▶ **SOURCE INFORMATION**

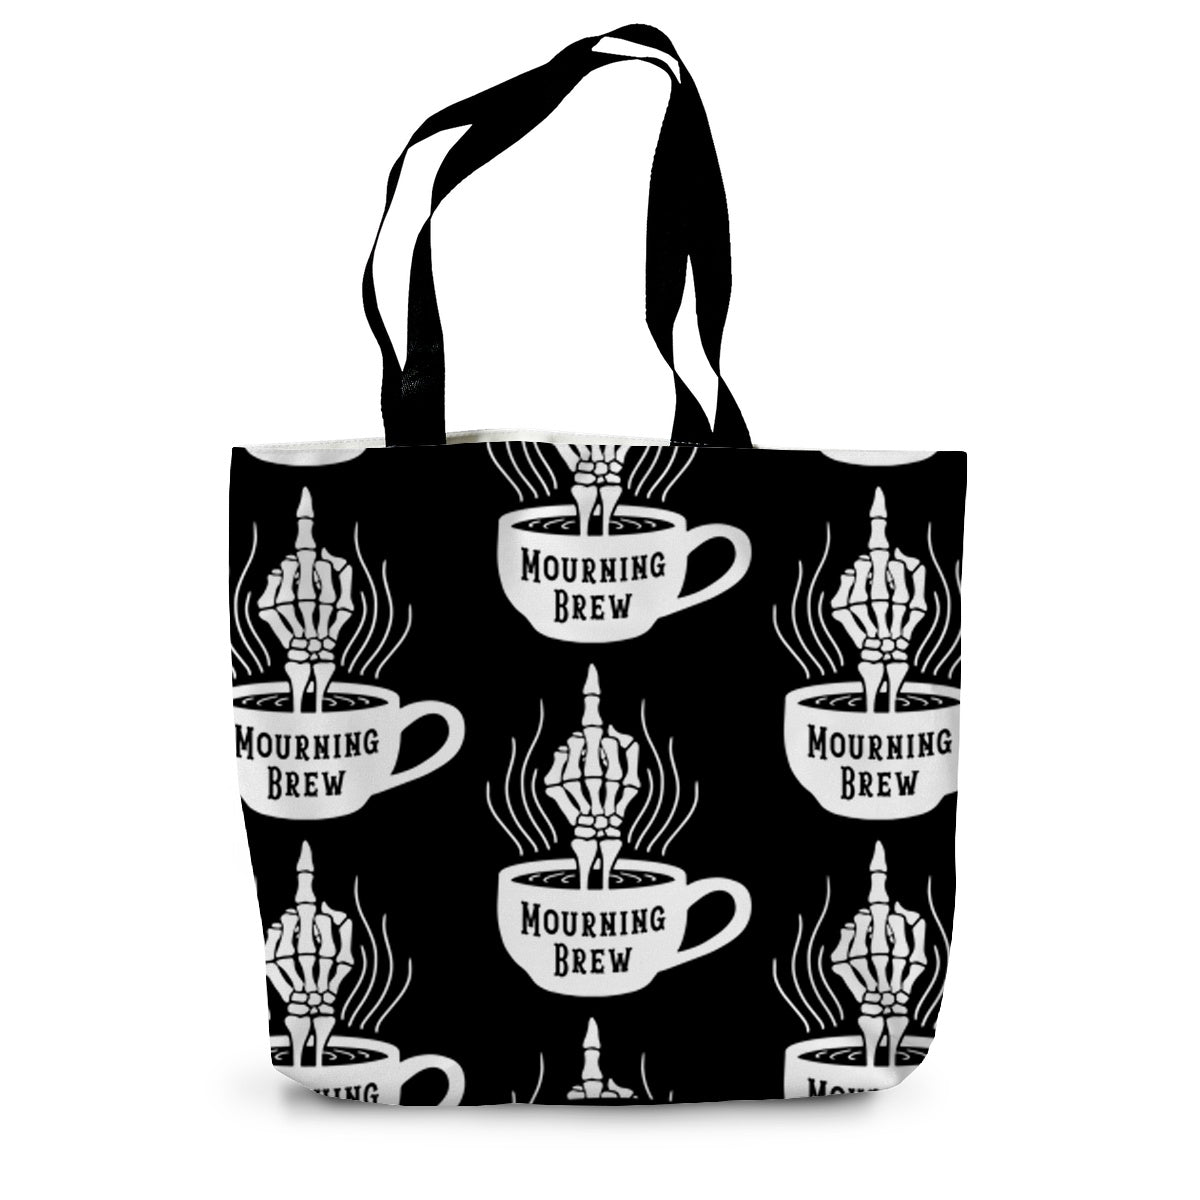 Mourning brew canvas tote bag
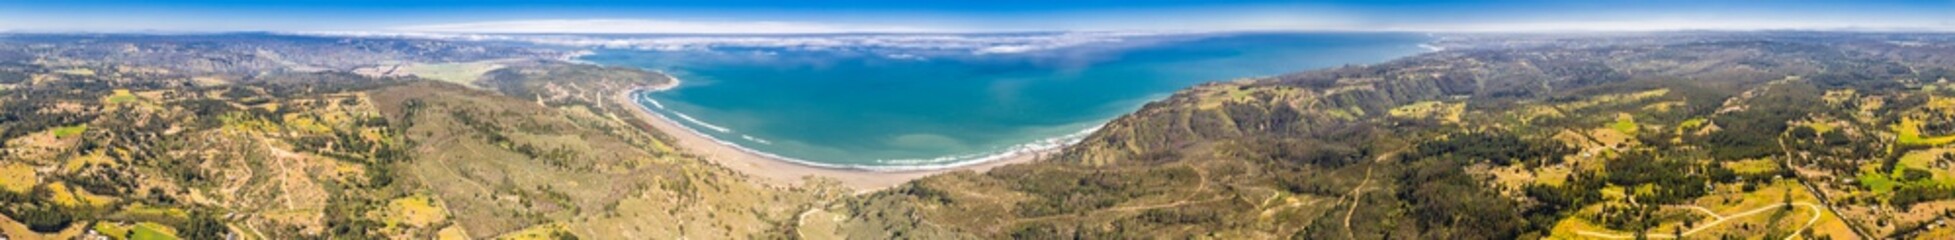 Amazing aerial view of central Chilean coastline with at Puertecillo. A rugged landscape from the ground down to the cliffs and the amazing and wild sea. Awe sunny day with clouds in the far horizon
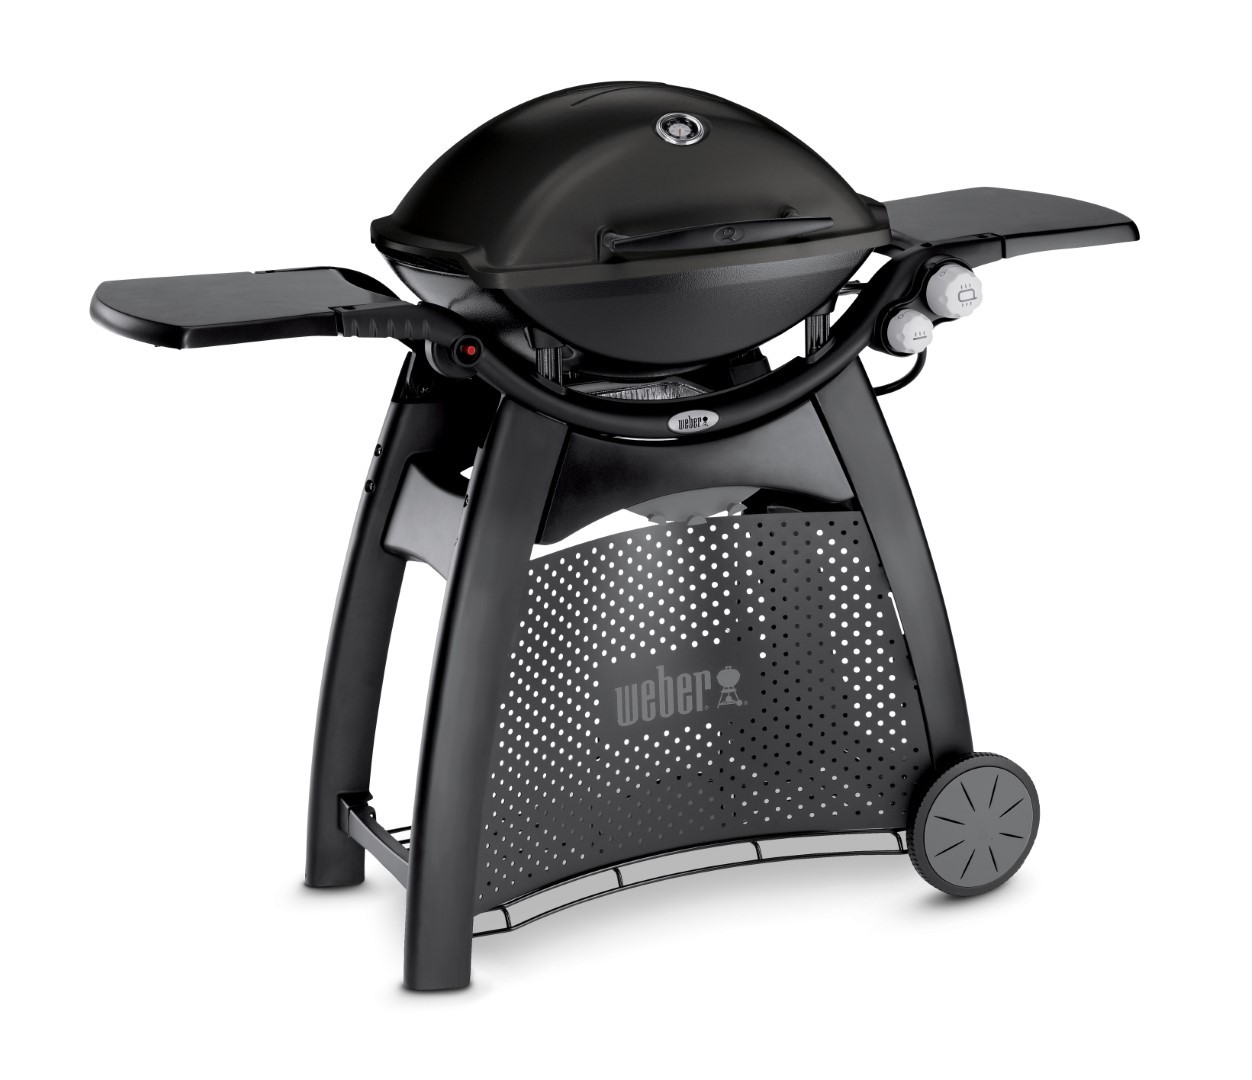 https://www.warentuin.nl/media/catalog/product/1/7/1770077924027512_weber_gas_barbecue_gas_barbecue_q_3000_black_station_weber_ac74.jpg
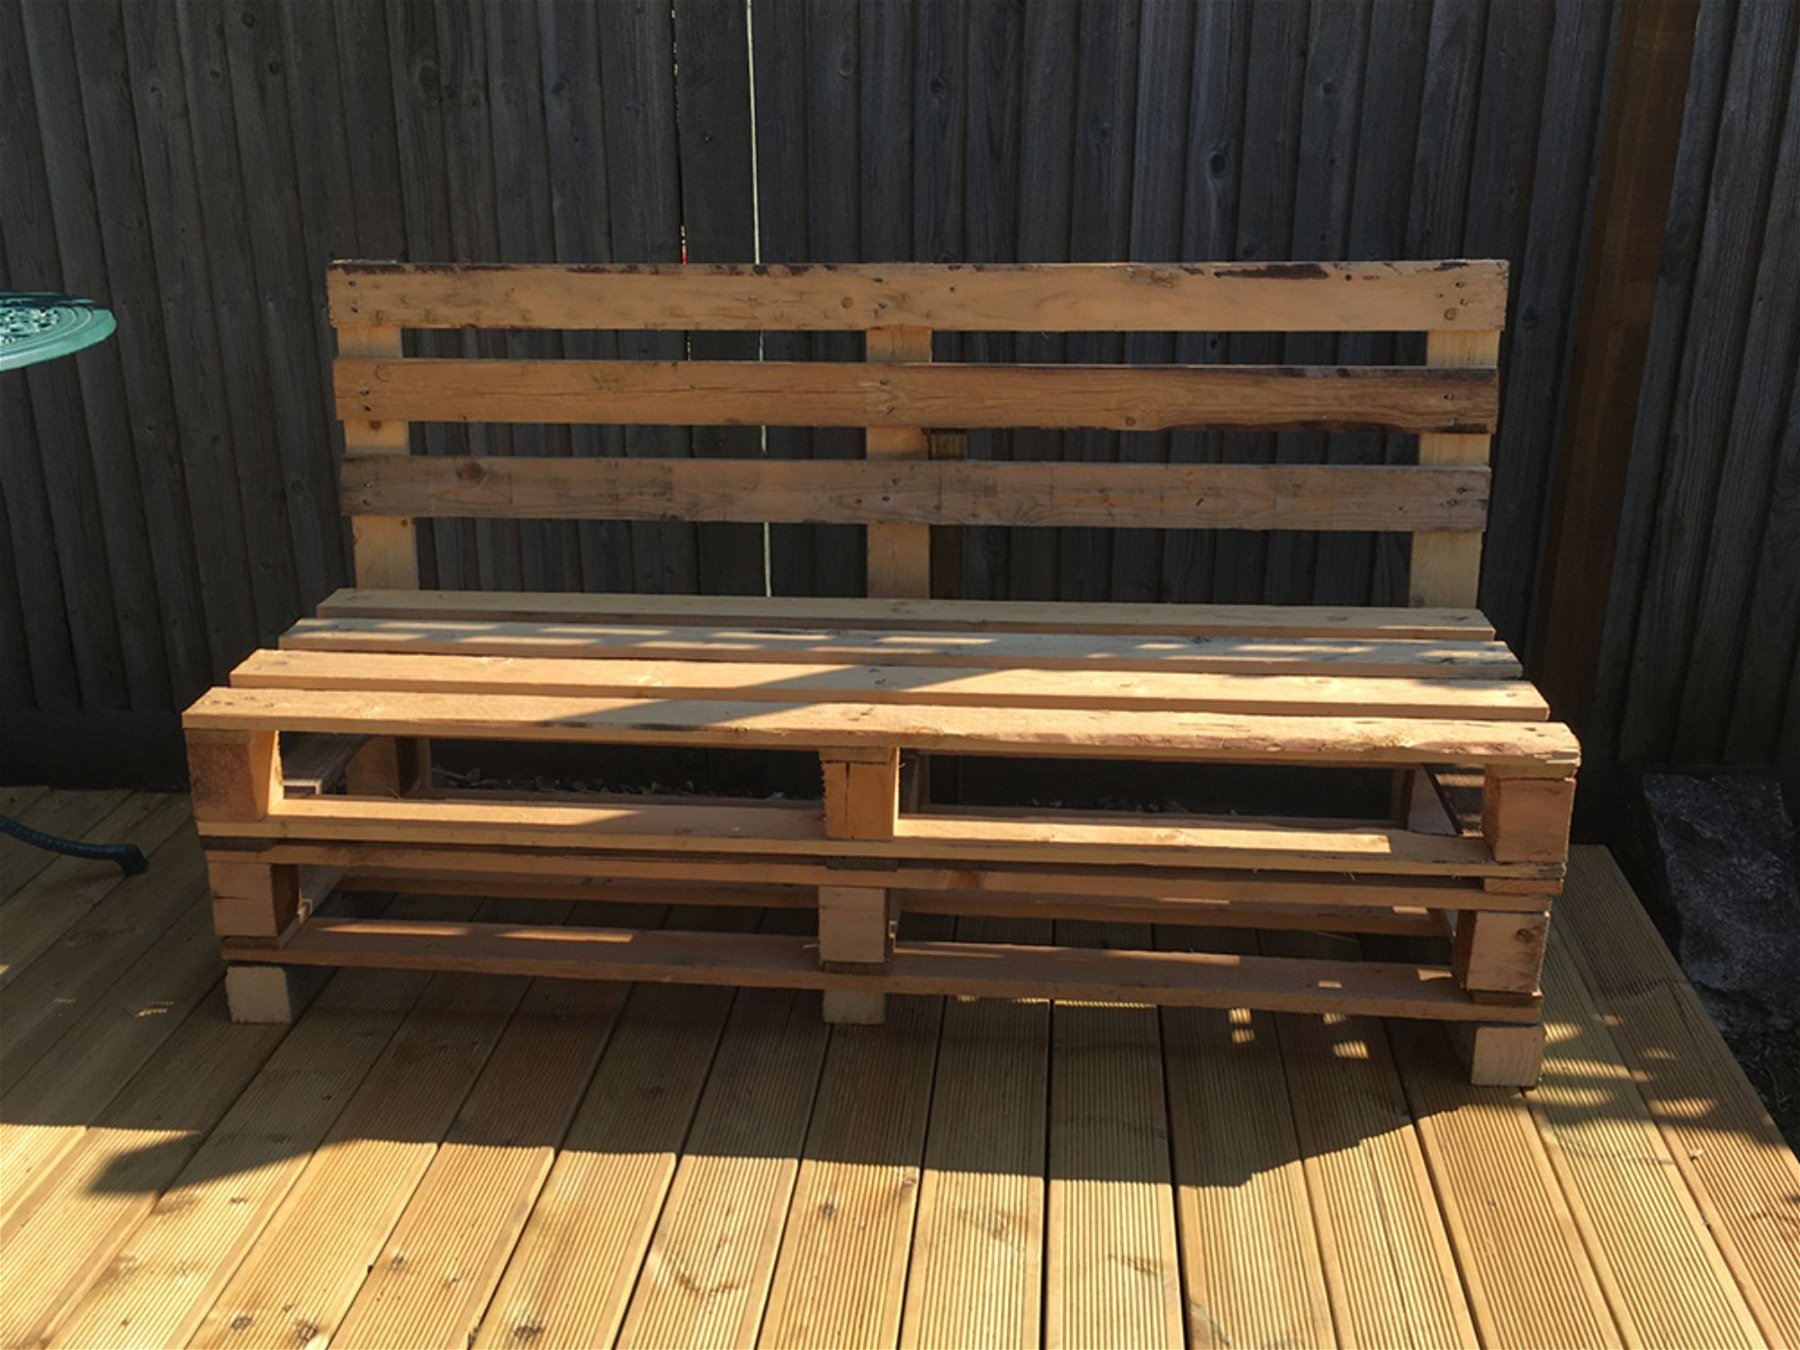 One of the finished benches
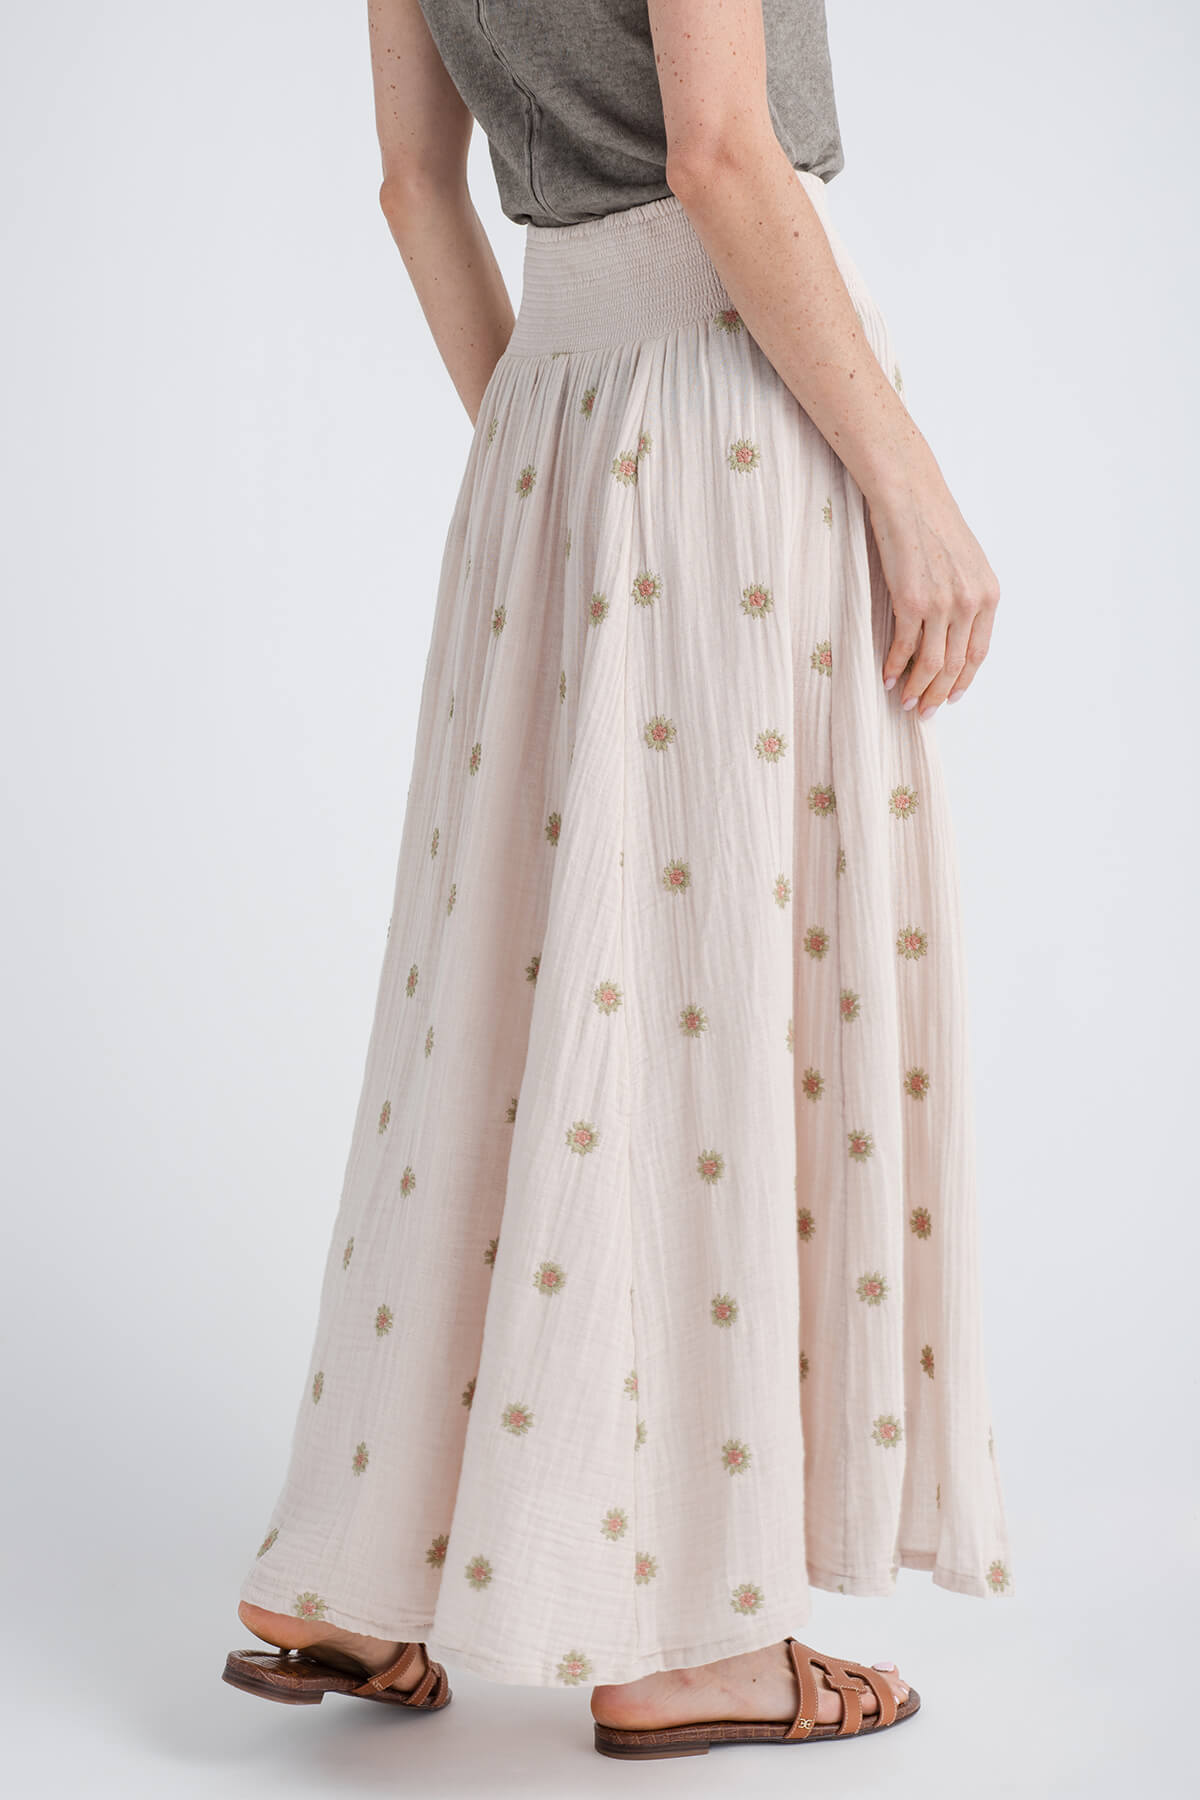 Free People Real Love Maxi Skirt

▶ **WORK REQUIRED**
Exactly as written, set down each line of the records, leaving out the pictures.

▶ **FINAL ANSWER**
 Mourning brew canvas tote bag
 Amazing aerial view of central Chilean coastline with at Puertecillo. A rugged landscape from the ground down to the cliffs and the amazing and wild sea. Awe sunny day with clouds in the far horizon
 https://www.warentuin.nl/media/catalog/product/1/7/1770077924027512_weber_gas_barbecue_gas_barbecue_q_3000_black_station_weber_ac74.jpg
 One of the finished benches
 Free People Real Love Maxi Skirt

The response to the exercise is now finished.